Se c’è una cosa da imparare dall’affaire Ferragni Balocco – possibilmente la telenovela più seguita e commentata nell’ultimo Natale italiano – è che diffidare dell’aura di implicita virtù che aleggia attorno alla parola “beneficenza” sarà pure un lavoro sporco, ma dannatamente necessario.

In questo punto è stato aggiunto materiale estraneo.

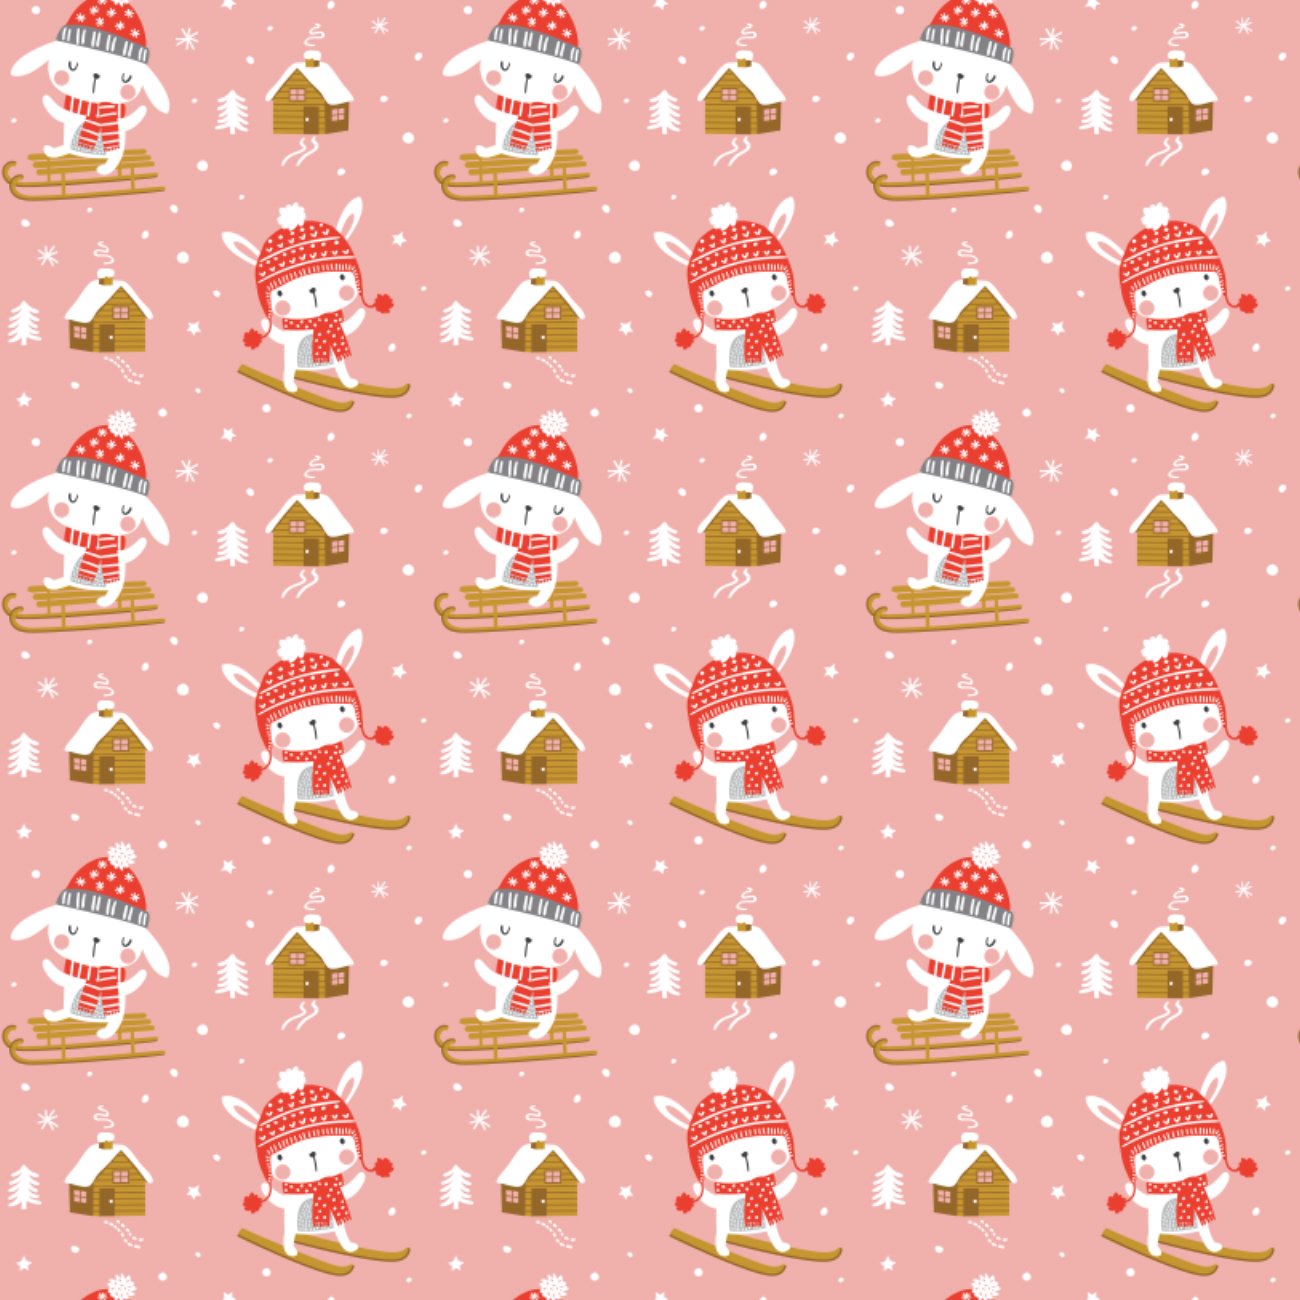 Snow Bunny - Printed Flannel by CDS - Pink

Chiara Ferragni (così come Alessandra Balocco, è bene notarlo) è indagata per truffa aggravata nell’ambito dell’indagine della Procura di Milano riguardante il caso del pandoro “Pink Christmas” di casa Balocco. Cambiano le carte in tavola, in altre parole – l’ipotesi di reato non è più quella della frode in commercio ma quella della truffa, per l’appunto. Stando a quanto riportato dall’ANSA la Guardia di Finanza di Milano, su delega del procuratore aggiunto Eugenio Fusco, avrebbe già acquisito la documentazione nella sede della Balocco a Cuneo in merito all’inchiesta.
Caso Ferragni – Balocco: un’occhiata ai dettagli
Un’evoluzione del caso che ha il peso specifico della sentenza, e che di fatto fa seguito alla multa applicata dall’Antitrust il mese scorso nei confronti delle società facenti capo a Chiara Ferragni – oltre un milione di euro, numeri alla mano – e alla stessa Balocco – circa 400 mila euro.
I nostri lettori più attenti – ma anche quelli più disattenti, diciamoci la verità – ricorderanno che, così facendo, l’Antitrust intendeva ritenere responsabili entrambe le parti della campagna ingannevole su cui poggiava l’impianto comunicativo dell’ormai famigerato pandoro in rosa, commerciato a un prezzo di due volte e mezza superiore rispetto al “collega” base.
Proprio il prezzo maggiorato aveva indotto i consumatori a pensare che, attraverso l’acquisto, avrebbero contribuito alla donazione di fondi all’ospedale per bambini Regina Margherita di Torino – una lettura favorita dall’uso (e abuso) della parola “beneficenza” da parte della stessa Chiara Ferragni sui suoi seguitissimi canali social.
Nelle ore a venire gli inquirenti milanesi saranno chiamati a valutare i temi del presunto profitto illecito e del danno ai consumatori in modo tale da inquadrare definitivamente l’ipotesi di truffa. Ore bollenti, in altre parole; ore in cui è necessario fare luce anche nel velo di autorevole torbidità che sovente circonda la parola “beneficenza”; ore in cui potremmo assistere a nuove apparizioni di piccole fiammiferaie con il capo cosparso di cenere.
Nel frattempo alcune Procure, che nei giorni scorsi hanno aperto analoghi fascicoli senza ipotesi di reato o indagati, hanno contattato i pm milanesi con l’intenzione di trasmettere gli atti nel capoluogo lombardo. L’inchiesta milanese, per di più, prenderà in esame – oltre al caso pandoro e alle uova di Pasqua a marchio Dolci Preziosi – altri casi simili in cui il prodotto di turno con la griffe Ferragni è stato proposto con scopi solidali.
Le prime conseguenze, nel frattempo, hanno già cominciato a piovere: l’esempio più vistoso è quello di Coca Cola, che ha recentemente annunciato il divorzio da Chiara Ferragni.